View our latest analysis for Signify
Following the latest results, Signify's 13 analysts are now forecasting revenues of €7.73b in 2023. This would be a satisfactory 2.4% improvement in sales compared to the last 12 months. Statutory earnings per share are forecast to crater 26% to €3.58 in the same period. Before this earnings report, the analysts had been forecasting revenues of €7.73b and earnings per share (EPS) of €3.60 in 2023. The consensus analysts don't seem to have seen anything in these results that would have changed their view on the business, given there's been no major change to their estimates.
It will come as no surprise then, to learn that the consensus price target is largely unchanged at €43.69. Fixating on a single price target can be unwise though, since the consensus target is effectively the average of analyst price targets. As a result, some investors like to look at the range of estimates to see if there are any diverging opinions on the company's valuation. There are some variant perceptions on Signify, with the most bullish analyst valuing it at €62.00 and the most bearish at €33.00 per share.
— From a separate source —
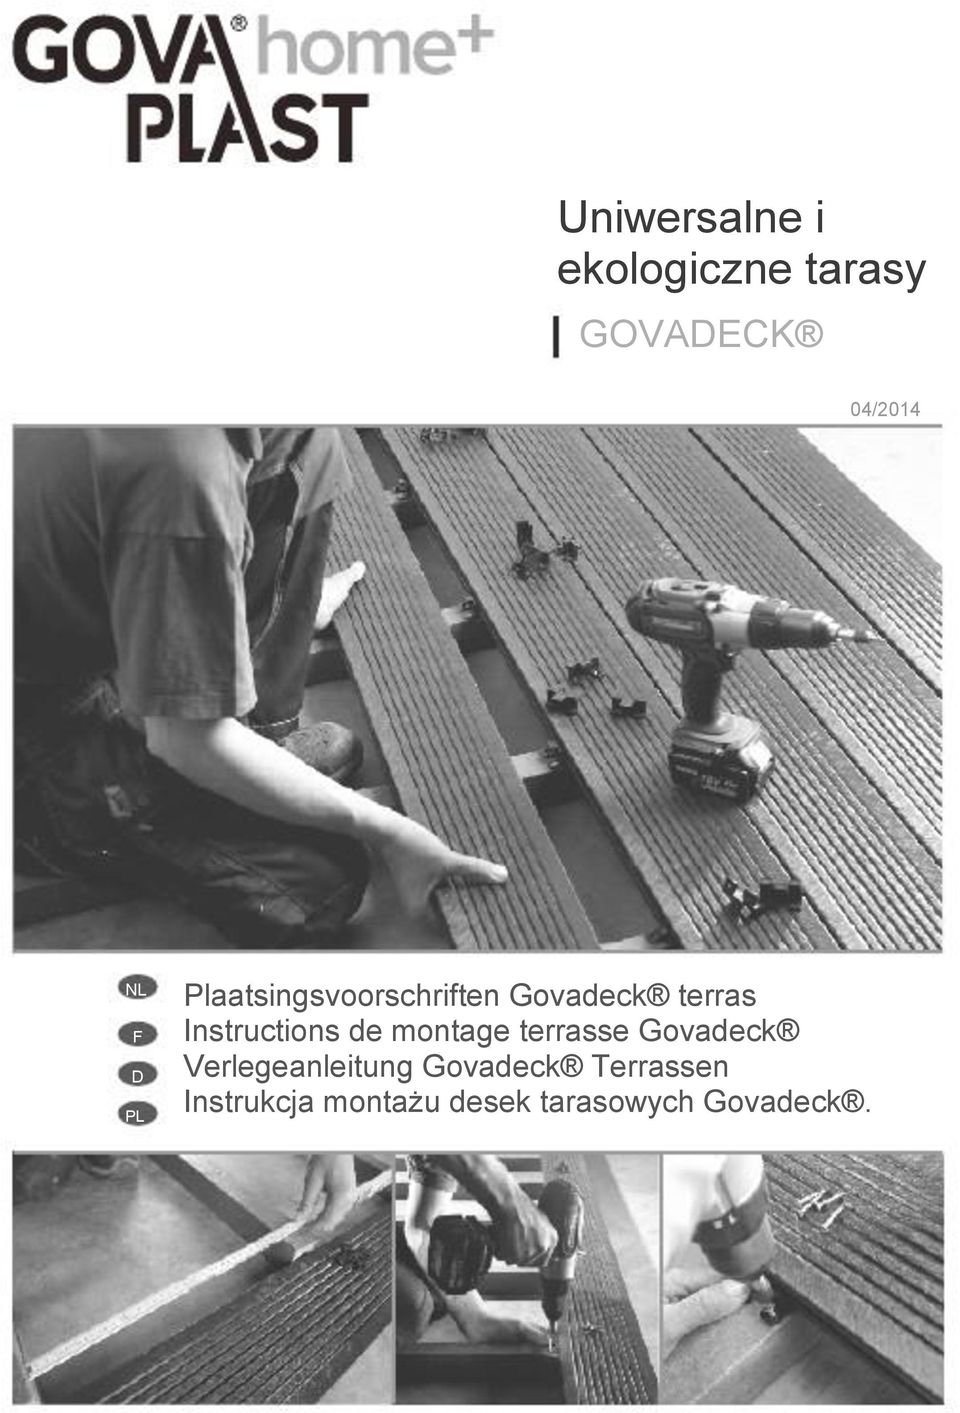 Instructions de montage terrasse Govadeck

This is a fairly broad spread of estimates, suggesting that analysts are forecasting a wide range of possible outcomes for the business.
Taking a look at the bigger picture now, one of the ways we can understand these forecasts is to see how they compare to both past performance and industry growth estimates. It's clear from the latest estimates that Signify's rate of growth is expected to accelerate meaningfully, with the forecast 1.9% annualised revenue growth to the end of 2023 noticeably faster than its historical growth of 1.4% p.a. over the past five years. Compare this with other companies in the same industry, which are forecast to see revenue growth of 6.9% annually. So it's clear that despite the acceleration in growth, Signify is expected to grow meaningfully slower than the industry average.